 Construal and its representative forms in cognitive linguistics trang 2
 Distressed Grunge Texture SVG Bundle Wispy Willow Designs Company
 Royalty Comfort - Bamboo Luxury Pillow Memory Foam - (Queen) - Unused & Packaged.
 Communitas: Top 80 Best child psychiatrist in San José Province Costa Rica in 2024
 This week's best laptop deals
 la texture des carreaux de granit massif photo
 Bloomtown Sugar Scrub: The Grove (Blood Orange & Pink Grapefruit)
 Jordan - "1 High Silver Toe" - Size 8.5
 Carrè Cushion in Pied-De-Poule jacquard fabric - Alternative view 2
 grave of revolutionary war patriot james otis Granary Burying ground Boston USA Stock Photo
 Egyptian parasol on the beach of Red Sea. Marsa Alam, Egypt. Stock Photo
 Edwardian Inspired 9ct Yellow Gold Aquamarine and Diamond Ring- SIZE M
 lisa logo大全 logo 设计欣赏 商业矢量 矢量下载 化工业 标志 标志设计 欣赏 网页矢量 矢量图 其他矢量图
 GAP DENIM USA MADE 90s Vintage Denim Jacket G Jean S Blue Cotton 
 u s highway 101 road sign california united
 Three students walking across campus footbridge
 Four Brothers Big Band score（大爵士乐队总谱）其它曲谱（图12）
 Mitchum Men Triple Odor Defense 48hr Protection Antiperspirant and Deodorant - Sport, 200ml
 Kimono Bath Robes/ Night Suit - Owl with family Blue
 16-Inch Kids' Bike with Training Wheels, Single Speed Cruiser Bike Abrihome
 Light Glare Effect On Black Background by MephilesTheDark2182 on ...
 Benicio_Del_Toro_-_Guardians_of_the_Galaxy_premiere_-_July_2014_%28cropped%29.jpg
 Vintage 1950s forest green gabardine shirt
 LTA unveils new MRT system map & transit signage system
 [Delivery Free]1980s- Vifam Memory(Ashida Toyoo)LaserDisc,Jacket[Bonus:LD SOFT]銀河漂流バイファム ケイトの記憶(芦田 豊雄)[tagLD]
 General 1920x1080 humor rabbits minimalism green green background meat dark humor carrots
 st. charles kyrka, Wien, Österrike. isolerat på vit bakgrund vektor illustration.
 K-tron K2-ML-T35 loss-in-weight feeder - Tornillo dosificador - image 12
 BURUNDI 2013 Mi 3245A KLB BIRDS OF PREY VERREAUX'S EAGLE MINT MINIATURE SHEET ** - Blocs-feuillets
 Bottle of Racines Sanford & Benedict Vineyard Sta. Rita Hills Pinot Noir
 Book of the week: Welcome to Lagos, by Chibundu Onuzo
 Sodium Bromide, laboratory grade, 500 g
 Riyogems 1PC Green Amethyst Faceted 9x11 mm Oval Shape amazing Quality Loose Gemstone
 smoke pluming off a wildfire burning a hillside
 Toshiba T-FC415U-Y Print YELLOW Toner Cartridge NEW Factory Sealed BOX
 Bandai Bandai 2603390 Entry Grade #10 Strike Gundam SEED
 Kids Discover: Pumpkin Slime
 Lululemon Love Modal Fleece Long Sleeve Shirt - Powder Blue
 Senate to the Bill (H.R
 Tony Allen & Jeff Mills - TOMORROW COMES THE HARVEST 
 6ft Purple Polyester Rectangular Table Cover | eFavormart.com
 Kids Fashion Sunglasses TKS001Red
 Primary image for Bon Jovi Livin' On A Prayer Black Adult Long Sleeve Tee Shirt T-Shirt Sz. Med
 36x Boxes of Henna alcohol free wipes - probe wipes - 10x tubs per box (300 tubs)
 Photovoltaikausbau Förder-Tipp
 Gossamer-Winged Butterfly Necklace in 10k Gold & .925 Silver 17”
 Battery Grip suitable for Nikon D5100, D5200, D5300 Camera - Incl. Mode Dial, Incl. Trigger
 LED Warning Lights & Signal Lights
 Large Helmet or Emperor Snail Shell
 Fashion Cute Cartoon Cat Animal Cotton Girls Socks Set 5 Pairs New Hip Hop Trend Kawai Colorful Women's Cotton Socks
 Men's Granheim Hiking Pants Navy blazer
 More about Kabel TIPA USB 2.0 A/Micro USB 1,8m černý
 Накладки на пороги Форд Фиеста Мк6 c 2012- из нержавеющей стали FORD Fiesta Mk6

****************************************

## Problem description
Restate exactly the records above from their first line through the line that holds "16-Inch Kids' Bike", please, including both and leaving out all others.

## Solution to the problem
 Construal and its representative forms in cognitive linguistics trang 2
 Distressed Grunge Texture SVG Bundle Wispy Willow Designs Company
 Royalty Comfort - Bamboo Luxury Pillow Memory Foam - (Queen) - Unused & Packaged.
 Communitas: Top 80 Best child psychiatrist in San José Province Costa Rica in 2024
 This week's best laptop deals
 la texture des carreaux de granit massif photo
 Bloomtown Sugar Scrub: The Grove (Blood Orange & Pink Grapefruit)
 Jordan - "1 High Silver Toe" - Size 8.5
 Carrè Cushion in Pied-De-Poule jacquard fabric - Alternative view 2
 grave of revolutionary war patriot james otis Granary Burying ground Boston USA Stock Photo
 Egyptian parasol on the beach of Red Sea. Marsa Alam, Egypt. Stock Photo
 Edwardian Inspired 9ct Yellow Gold Aquamarine and Diamond Ring- SIZE M
 lisa logo大全 logo 设计欣赏 商业矢量 矢量下载 化工业 标志 标志设计 欣赏 网页矢量 矢量图 其他矢量图
 GAP DENIM USA MADE 90s Vintage Denim Jacket G Jean S Blue Cotton 
 u s highway 101 road sign california united
 Three students walking across campus footbridge
 Four Brothers Big Band score（大爵士乐队总谱）其它曲谱（图12）
 Mitchum Men Triple Odor Defense 48hr Protection Antiperspirant and Deodorant - Sport, 200ml
 Kimono Bath Robes/ Night Suit - Owl with family Blue
 16-Inch Kids' Bike with Training Wheels, Single Speed Cruiser Bike Abrihome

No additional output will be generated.